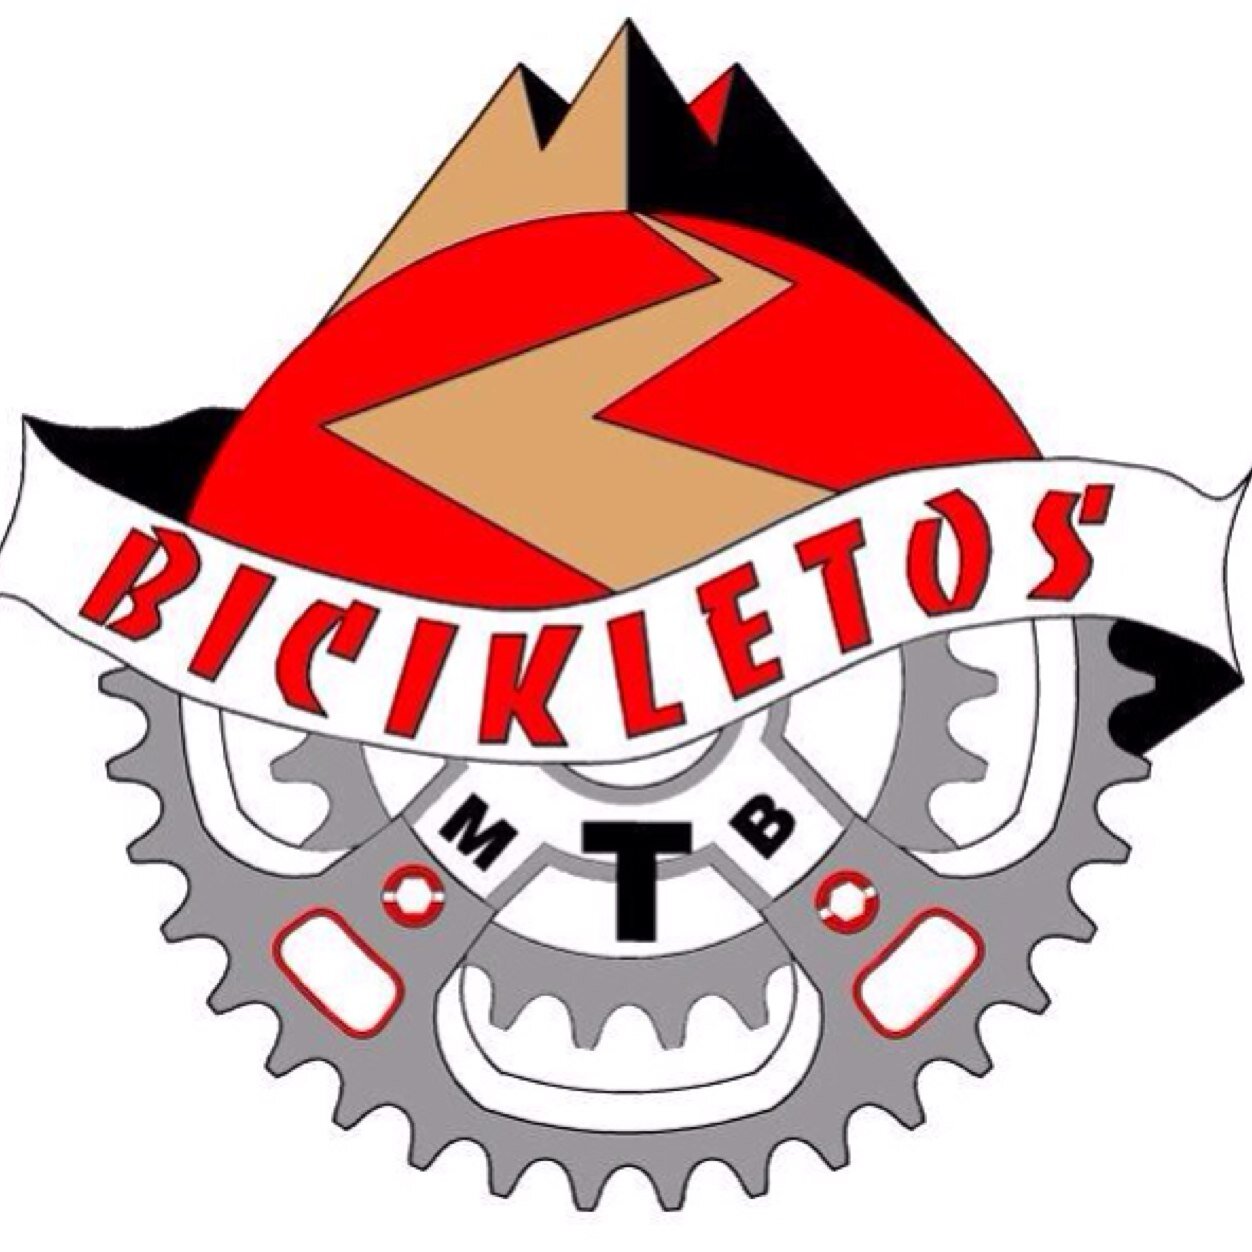 BICIKLETOS Profile Picture
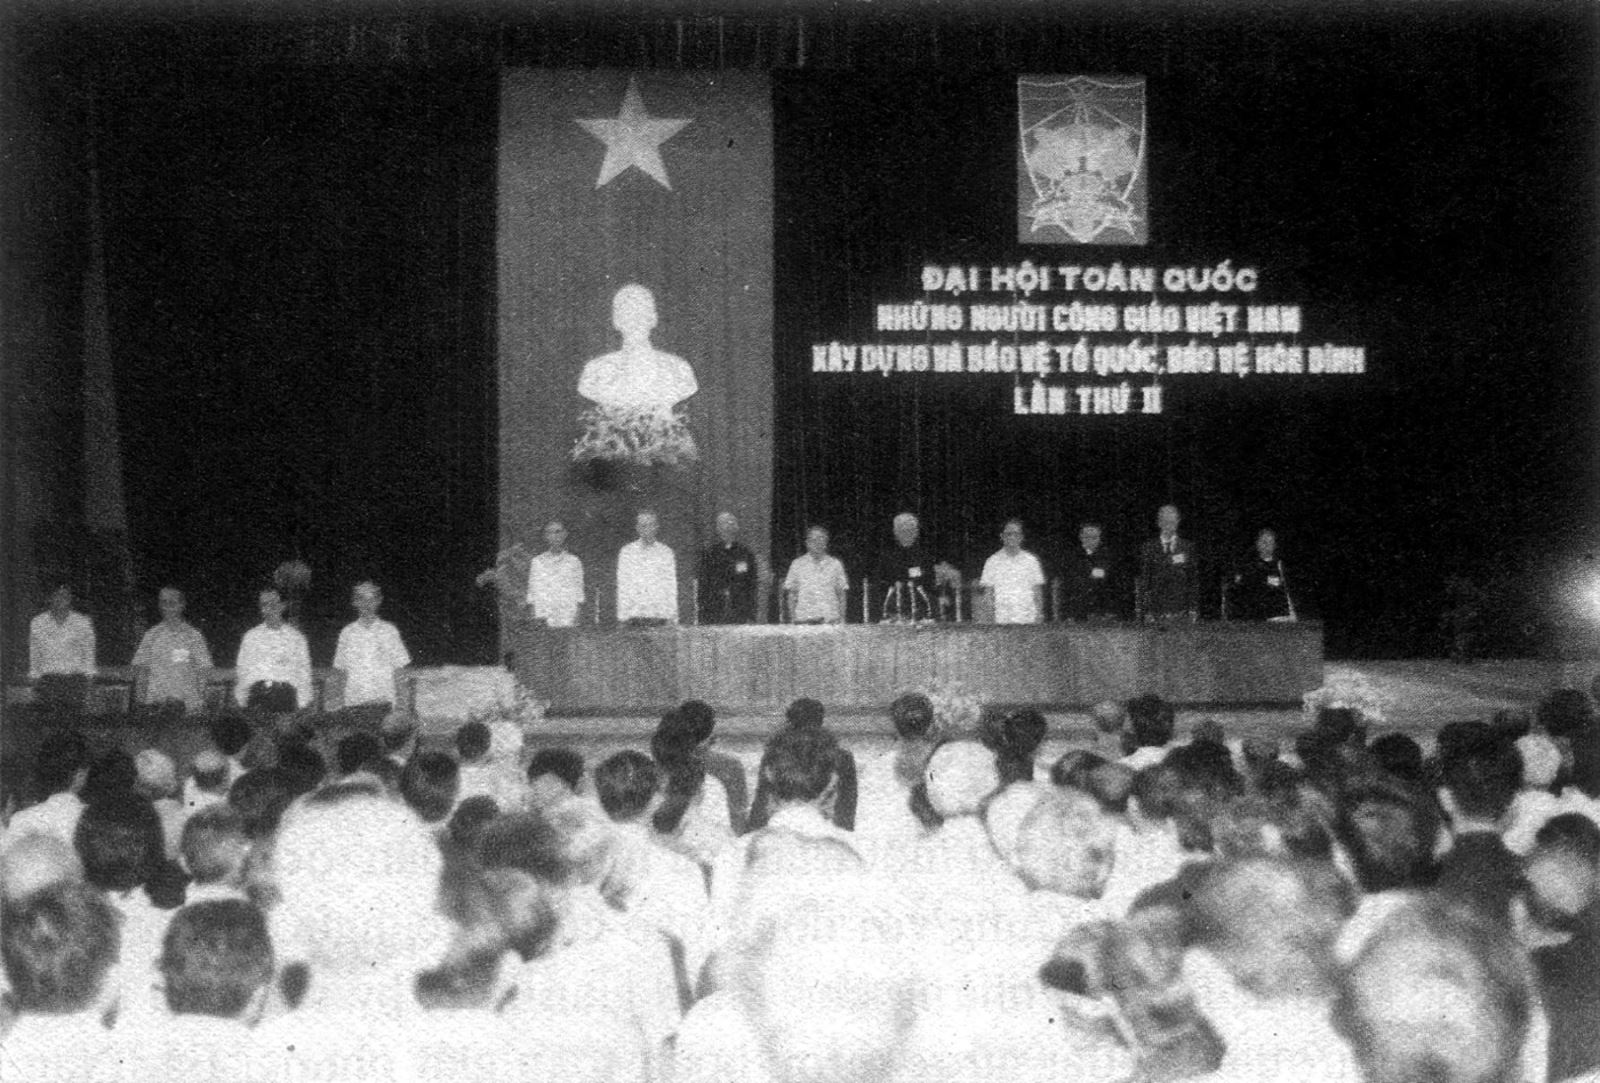 Quang cảnh Đại hội Công giáo toàn quốc lần thứ II tại Hà Nội.
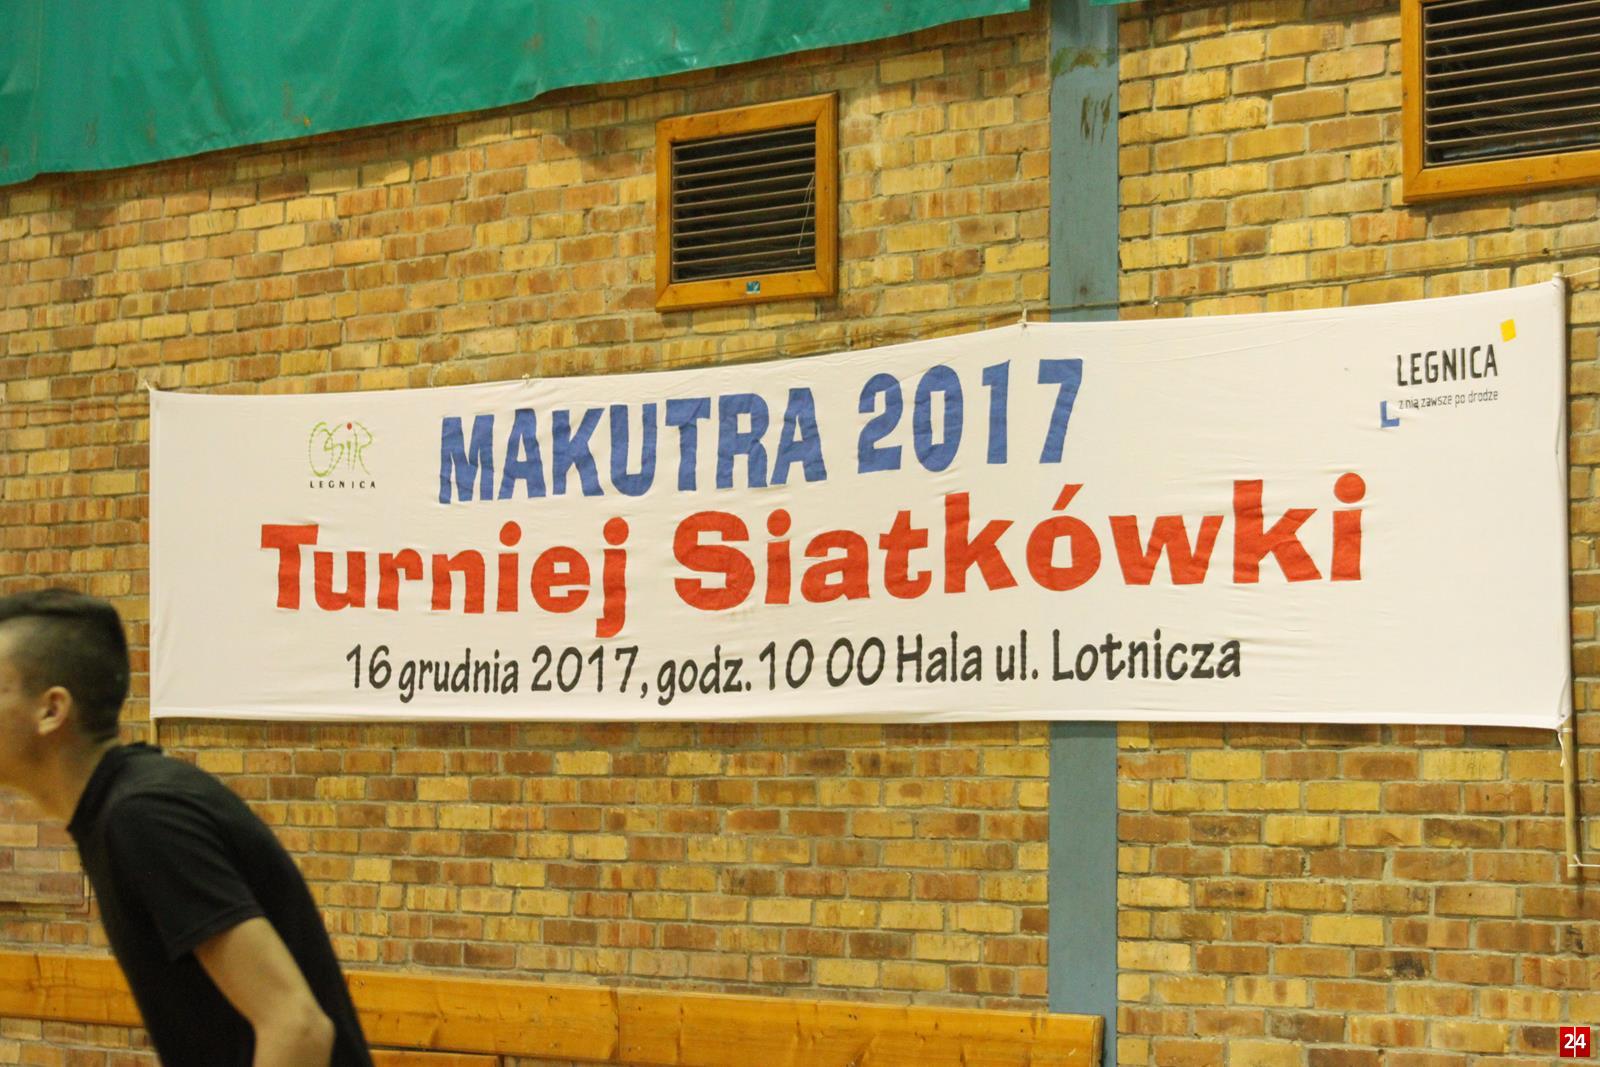 (FOTO) Za nami Turniej Siatkówki Makutra 2017!
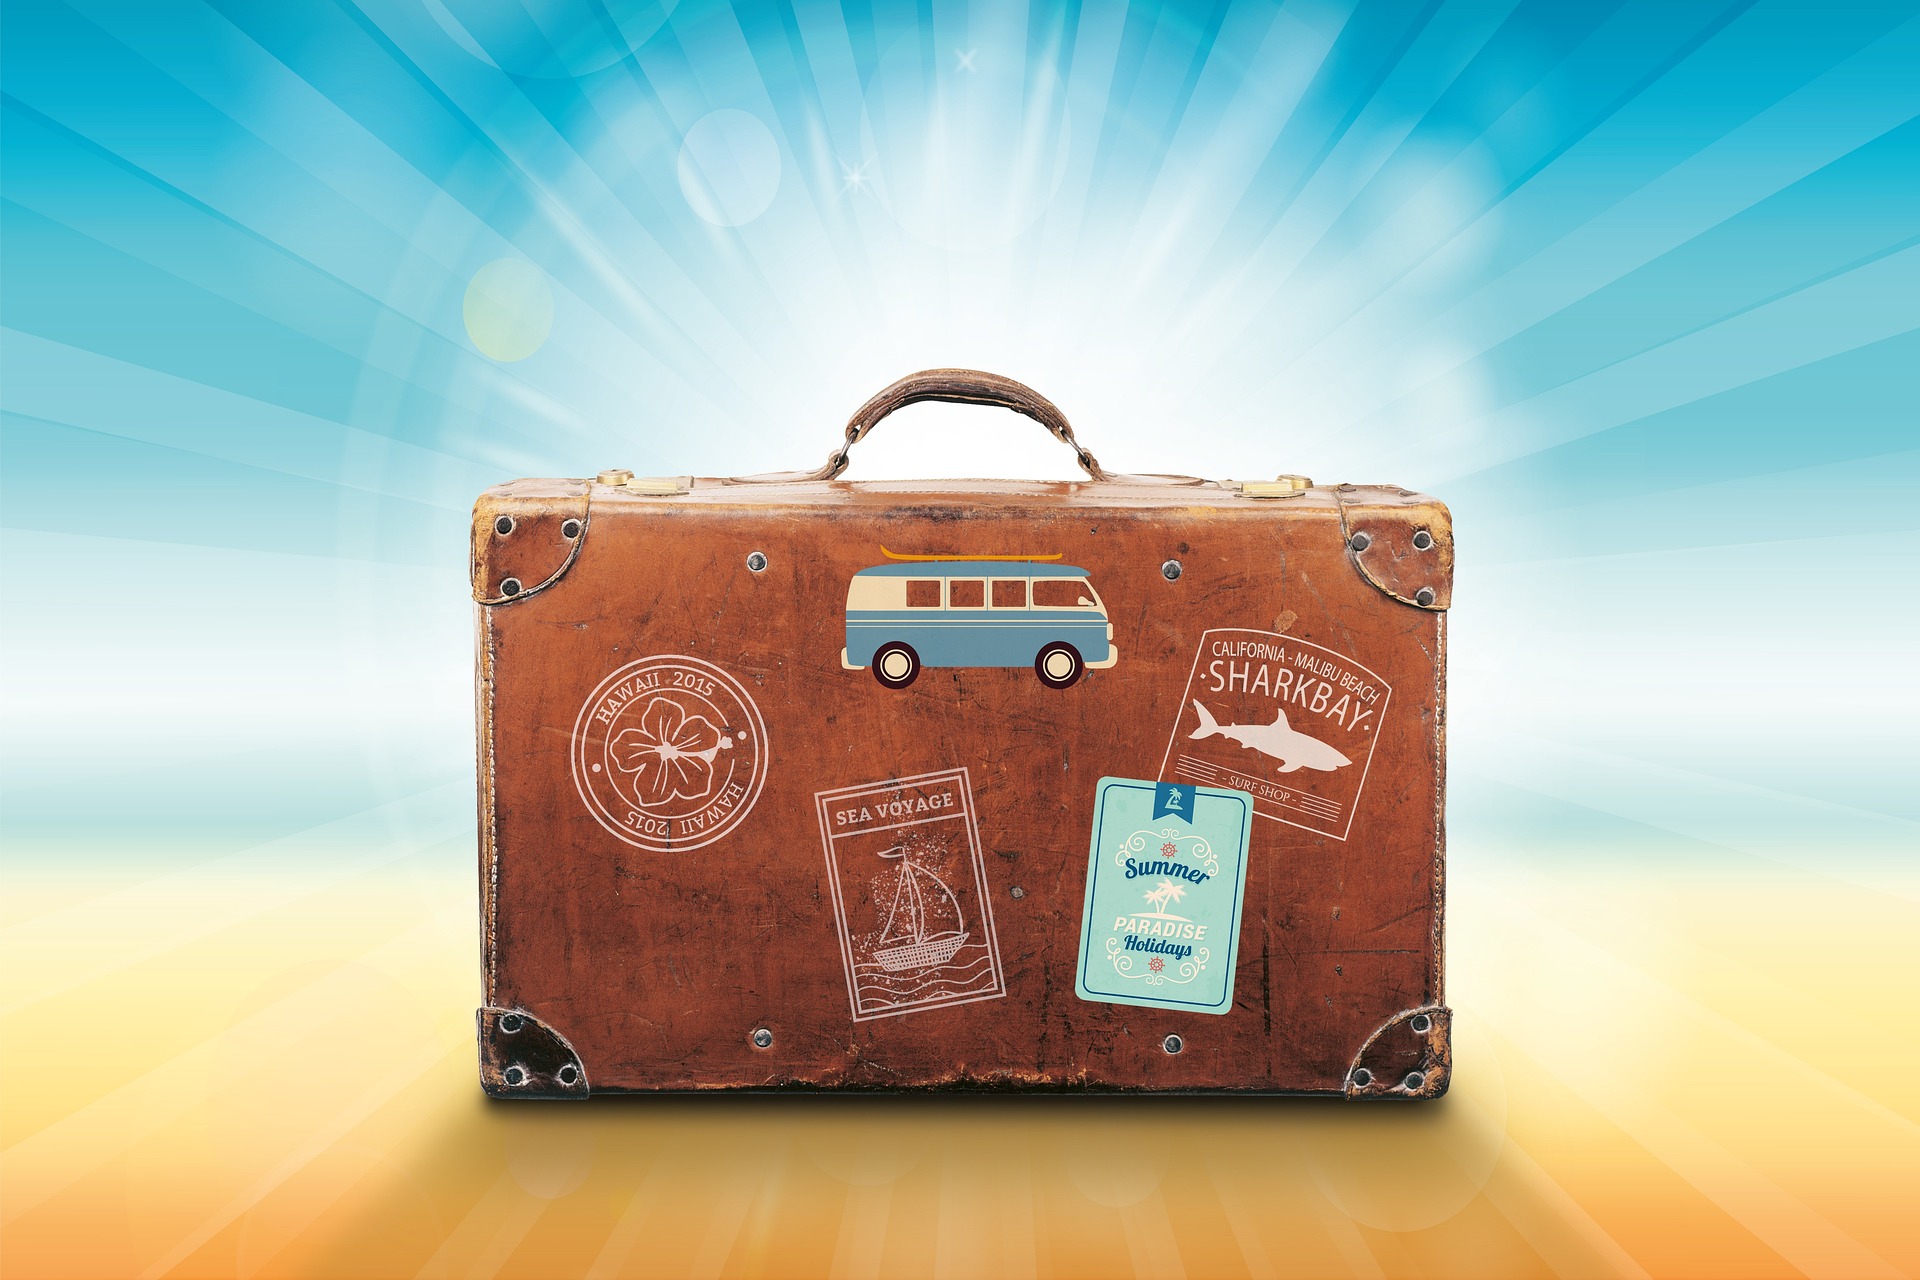 Stiliisierter Koffer als Symbol für Urlaubsfeeling

EXERCISE OBJECTIVE — Word for word, reproduce the listing above; no image should be carried over.

ANSWER TO THIS PROBLEM —
 BICIKLETOS Profile Picture
 Quang cảnh Đại hội Công giáo toàn quốc lần thứ II tại Hà Nội.
 (FOTO) Za nami Turniej Siatkówki Makutra 2017!
 Stiliisierter Koffer als Symbol für Urlaubsfeeling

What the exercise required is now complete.